Since we added UseScratchRegisterScope, I don't think this is true. It used to
be important so we could do `Push(..., ip0, ...)`, but we don't do that any more
unless we first acquire ip0 (making it unavailable). It might be worth checking
that now, since it would greatly simplify this function.

[rmcilroy, 2014/05/01 18:29:11]

Yes I had hoped that was true and tried it originally, however, unfortunately we
still reach here with no remaining temp registers in
LCodeGen::PushSafepointRegistersScope. 

+      // registers, so we use the assembler directly here. However, this means
+      // that large immediate values of 'space' cannot be handled cleanly. (Only
+      // 24-bits immediates or values of 'space' that can be encoded in one
+      // instruction are accepted.) Once we implement our flexible scratch
+      // register idea, we could greatly simplify this function.
+      ASSERT(space.IsImmediate());
+      // Align to 16 bytes and add 16 bytes to counteract mask of StackPointer
+      // below.
+      uint64_t imm = RoundUp(space.immediate(), 0x10) + 0x10;
+      ASSERT(is_uint24(imm));
+
+      bic(csp, StackPointer(), 0xf);

[jbramley, 2014/05/01 15:17:10]

This will generate two extra instructions (bic + sub) for every push, instead of
one (sub), so it will slow down the processors that don't care about the value
in csp.
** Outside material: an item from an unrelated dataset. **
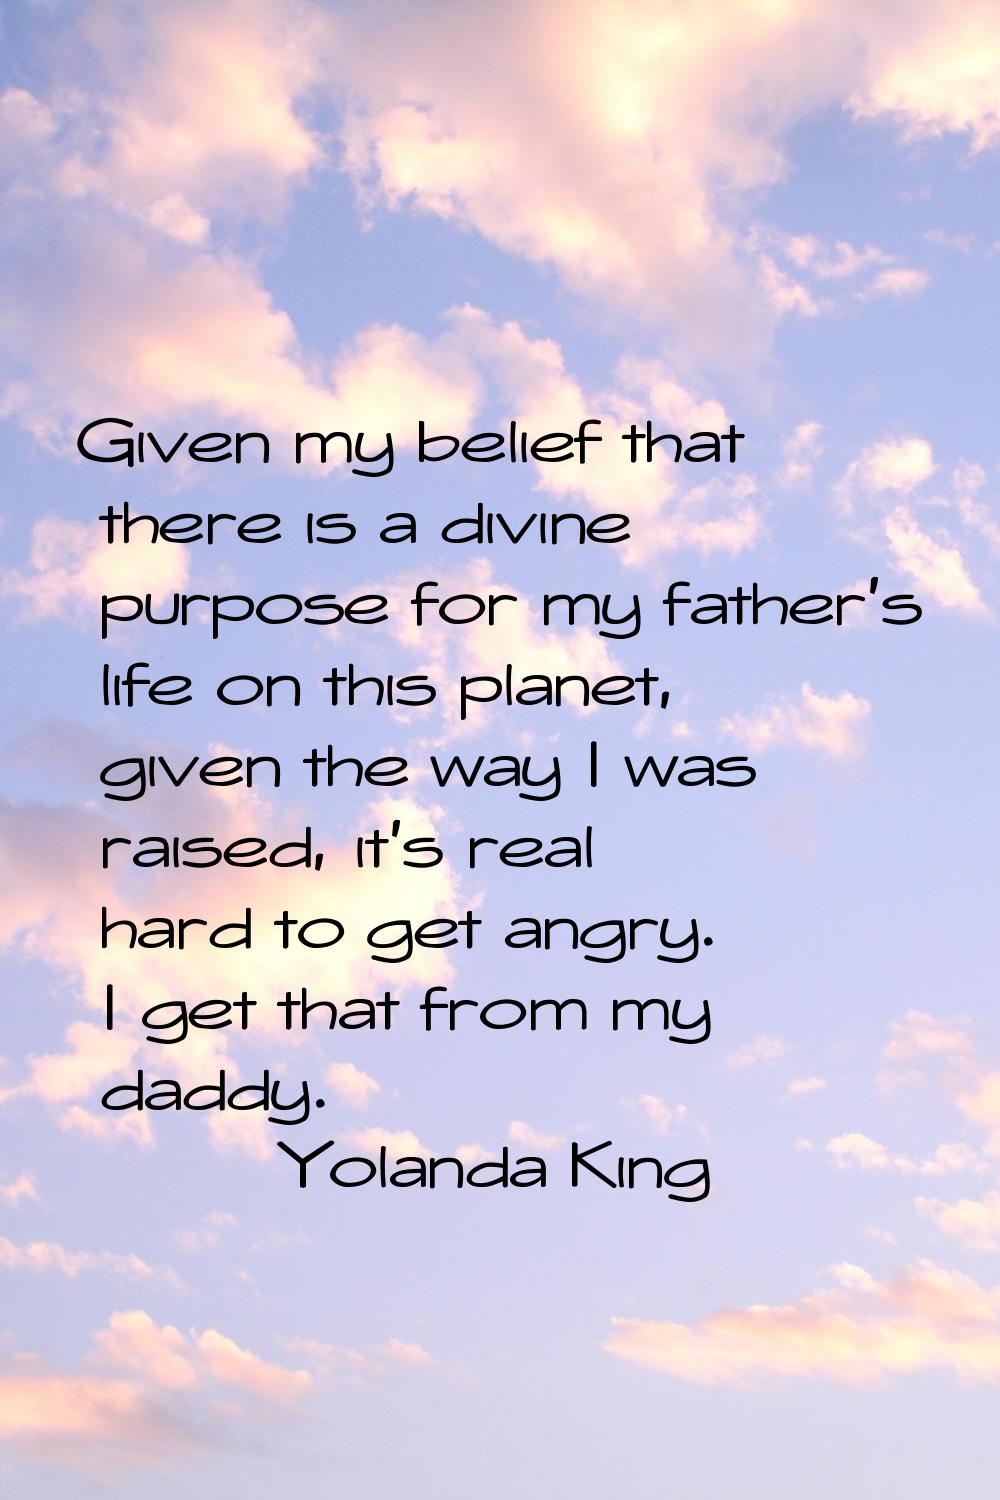 Given my belief that there is a divine purpose for my father's life on this planet, given the way I
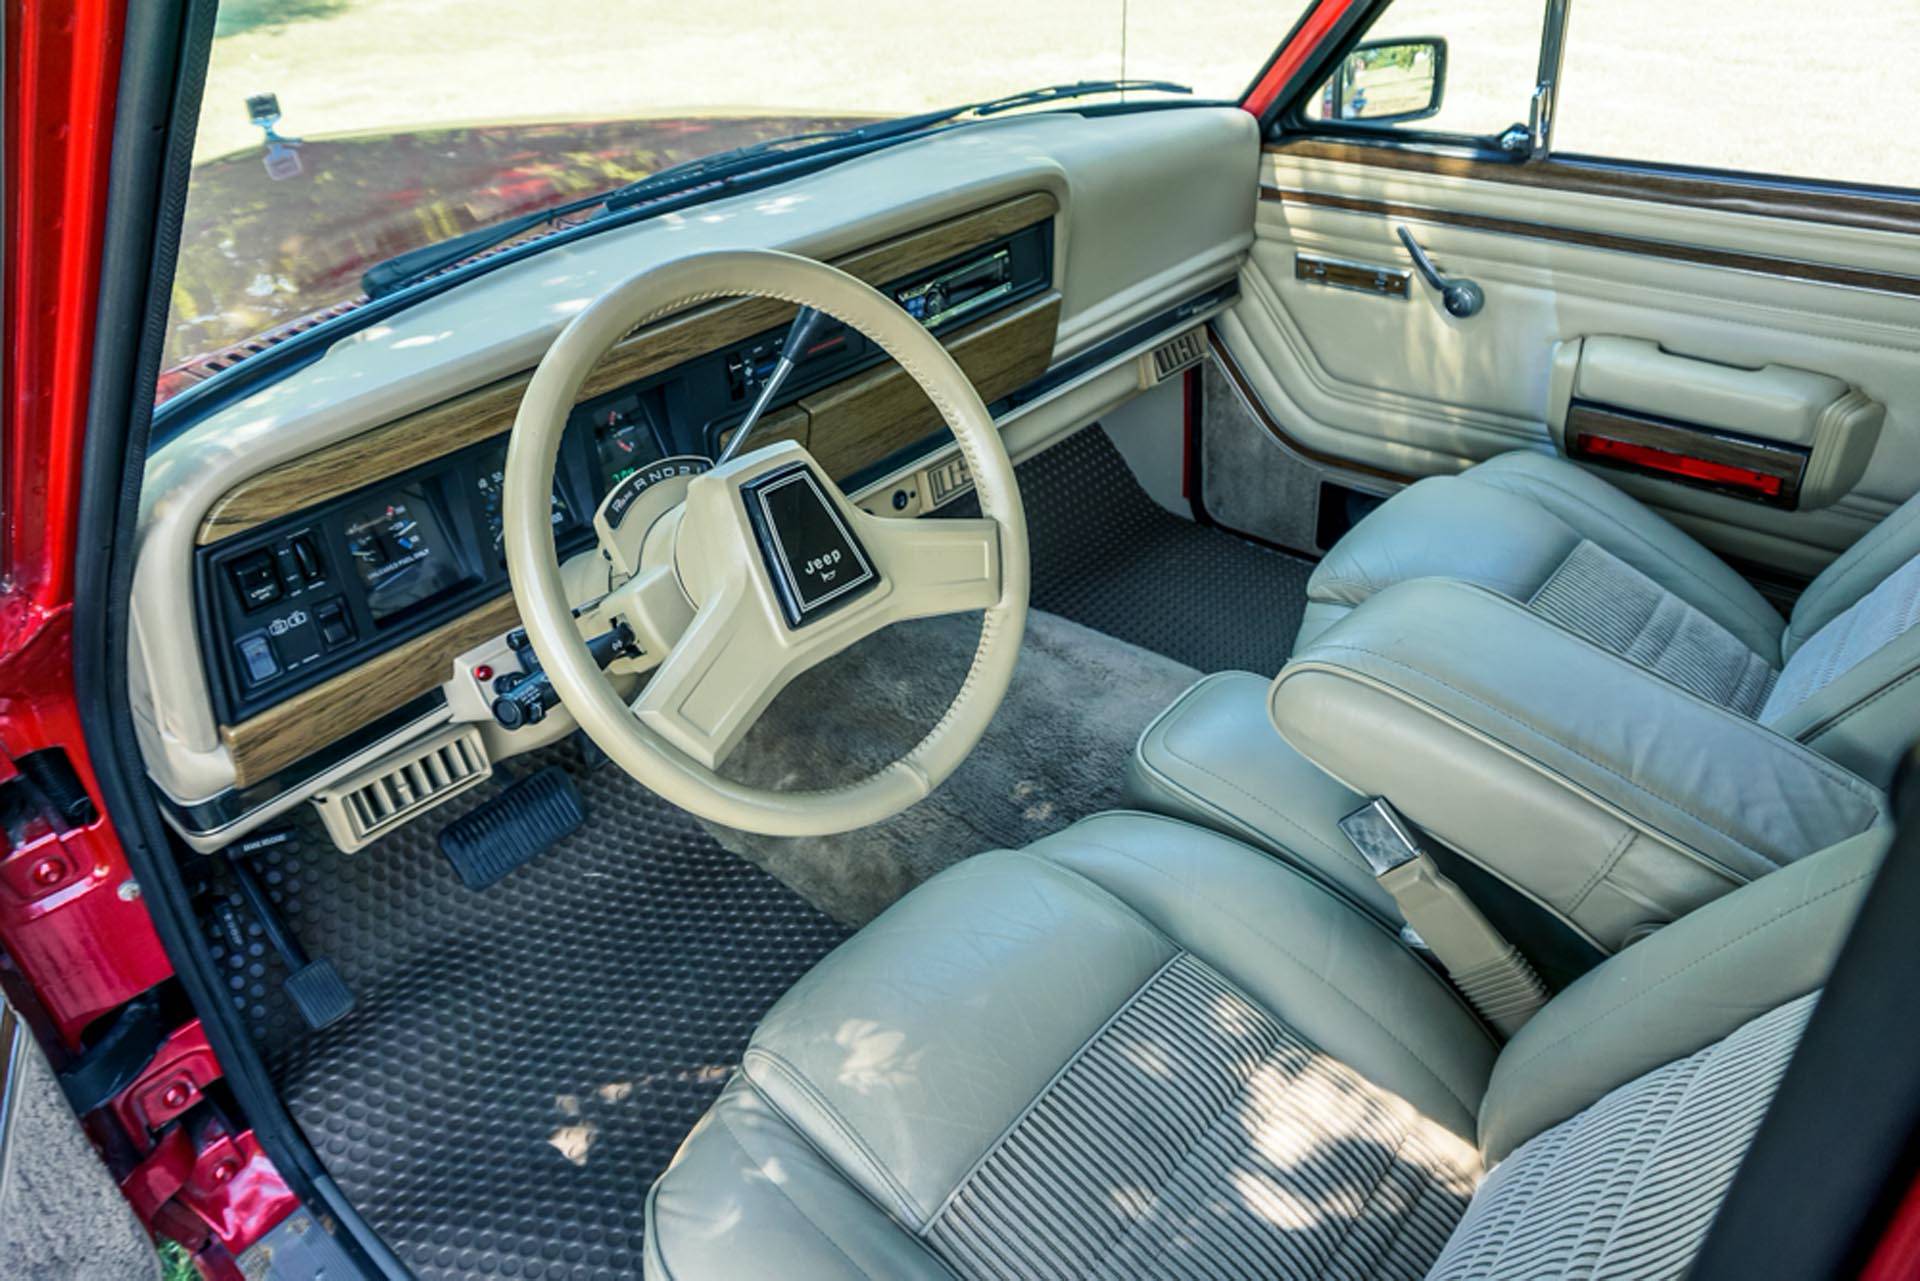 1989 Jeep Grand Wagoneer Woody Looks All Original But Hides

For that reason alone, I have to give this 'not lgtm'.

Could you do this change only on the affected platform? Can we detect it at
runtime? I know this kind of thing is ugly, but the csp-maintenance is
abstracted enough that we wouldn't have to have too many alternative code paths.

[rmcilroy, 2014/05/01 18:29:11]

Sure I understand your concern.  We are not yet sure whether this CL will be
necessary (it has a very big impact currently, but there may be other ways
around the issue.   I will investigate whether this can be gated on the platform
if we decide to land this.

+      if (!is_uint12(imm)) {
+        int64_t imm_top_12_bits = imm >> 12;
+        sub(csp, csp, imm_top_12_bits << 12);
+        imm -= imm_top_12_bits << 12;
+      }
+      if (imm > 0) {
+        sub(csp, csp, imm);
+      }
     }
-  } else {
-    sub(csp, StackPointer(), space);
   }
+  AssertStackConsistency();
+}
+
+
+void MacroAssembler::SyncSystemStackPointer() {

[jbramley, 2014/05/01 15:17:10]

This is never _necessary_, so it might be a good idea to
ASSERT(emit_debug_code()) just to make sure that we don't emit unnecessary code.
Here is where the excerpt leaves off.